И снова она забыла о Колпине, и вдруг однажды — это было в субботу, когда сестра уехала на дачу и Вера ночевала в городе одна, — в дверь раздался поздний звонок. Стоял конец июля, ночь была душная и жаркая, собиралась гроза, и Вера никак не могла уснуть, лежала поверх одеяла и ждала, когда пойдет дождь. Услышав звонок, она почему-то сразу поняла, что это Юра, и, накинув на голое тело пальто (халата у нее не было), пошла открывать. Она не ошиблась. Юра сказал, что ему надо поговорить с ее отцом. Что это предлог, она поняла еще когда он говорил и, ответив, что отец на даче, повела гостя на террасу. Все равно ей не спалось. Тут было куда прохладнее, чем в комнатах, и, хотя дождь так и не собрался, они, забыв о времени, проболтали о том о сем до глубокой ночи.

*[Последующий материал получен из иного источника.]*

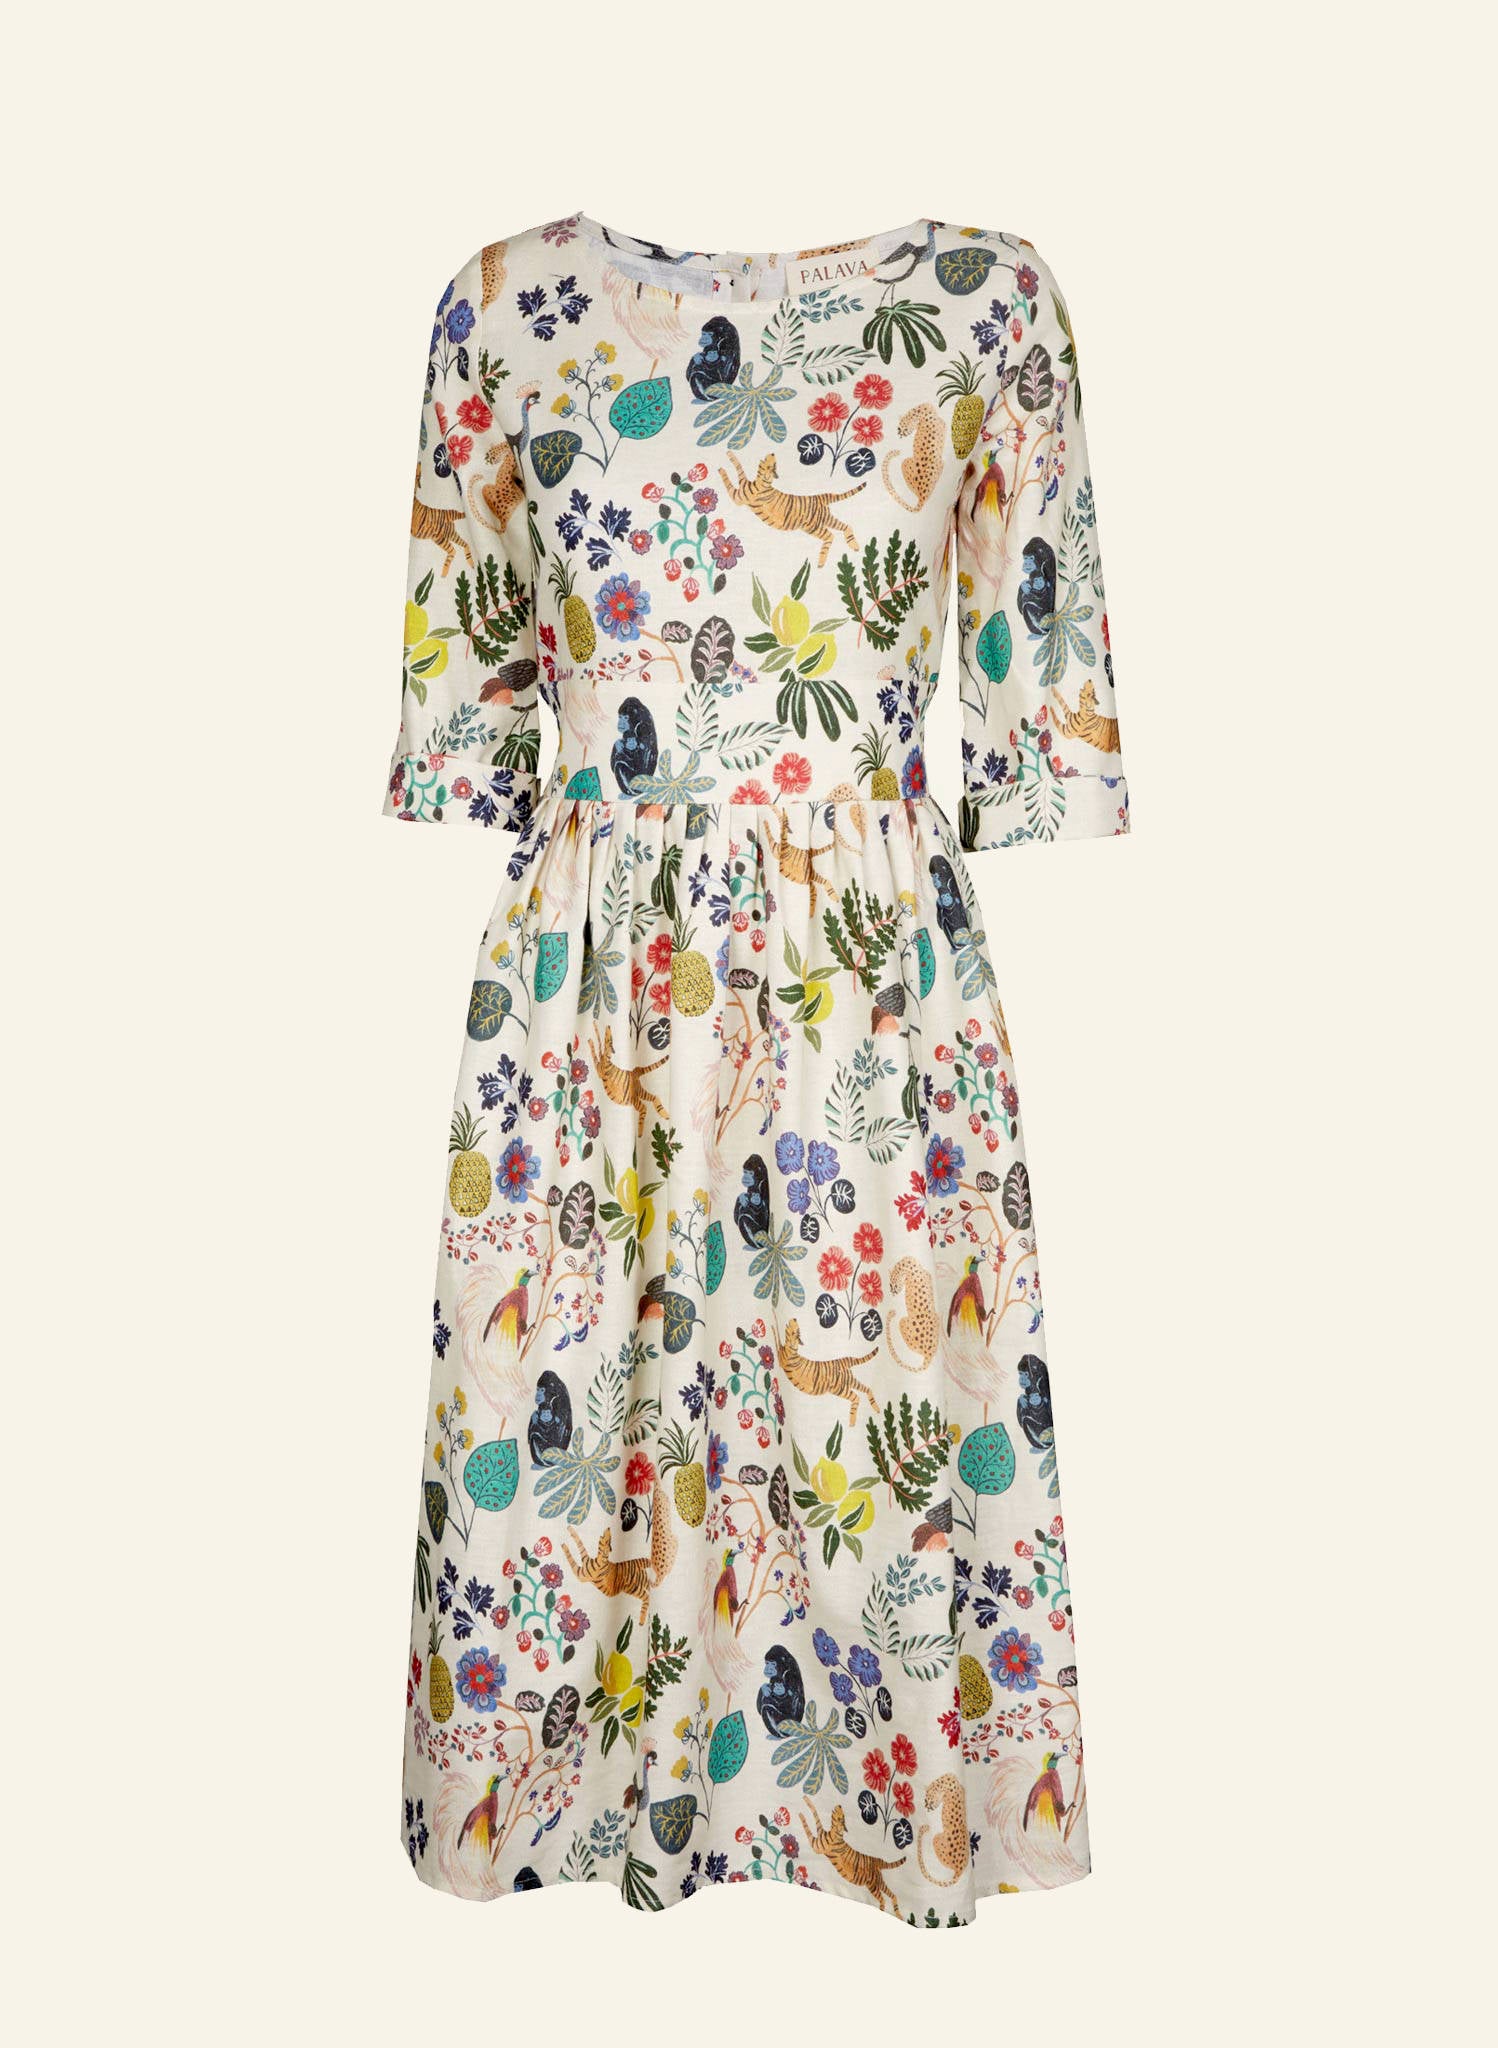 Philippa - Paradise Garden Dress | Cotton - Linen Blend

Наконец он поднялся, Вера пошла его проводить и, пока шла, все никак не могла решить, радоваться ей или огорчаться, что и сегодня между ними ничего не было. Уже в дверях, когда она потянулась, чтобы зажечь свет, он неожиданно обхватил ее и, не обращая внимания на пальто, стал целовать в плечи, шею, грудь, руки. От всего этого ей было необыкновенно хорошо, но большего она не хотела и, хохоча, одной рукой от него отбивалась, другой же крепко, боясь, как бы оно не распахнулось, держала пальто.

На следующий день после Юры Колпина, который занял у него не больше времени, чем Хургин, — так он и рассчитывал — Ерошкину предстояло начать допросы Алексея Горбылева. Хотя он знал об этом уже давно, ничего хорошего от этих допросов он все равно не ждал. Дело в том, что Горбылев возглавлял сейчас Харьковское областное управление НКВД и был по рангу на три ступеньки выше Ерошкина. Конечно, Ерошкину за десять лет работы в органах случалось допрашивать людей и в бльших чинах, чем Горбылев, но все это были враги народа и чины их были бывшие, а Горбылев сразу же после допроса должен был вернуться в Харьков на прежнюю должность. Ерошкин уже несколько раз говорил Смирнову, что, если он, Ерошкин, будет допрашивать Горбылева, это будет нарушением субординации, и просил передать Горбылева кому-нибудь другому, но Смирнов сначала уклонялся, а потом заявил, что дело настолько важное, что весь этот политес никого волновать не должен. К счастью, хотя Ерошкину так до самого конца не удалось взять с Горбылевым верный тон, тот вел себя спокойно, корректно и никаких особых проблем у них не возникло. В Вериной жизни вообще очень многое было связано с Башкирией. Это и понятно: именно там началась ее “взрослая” жизнь. Из Башкирии был и Корневский, и Тимур. Там же она познакомилась с Горбылевым.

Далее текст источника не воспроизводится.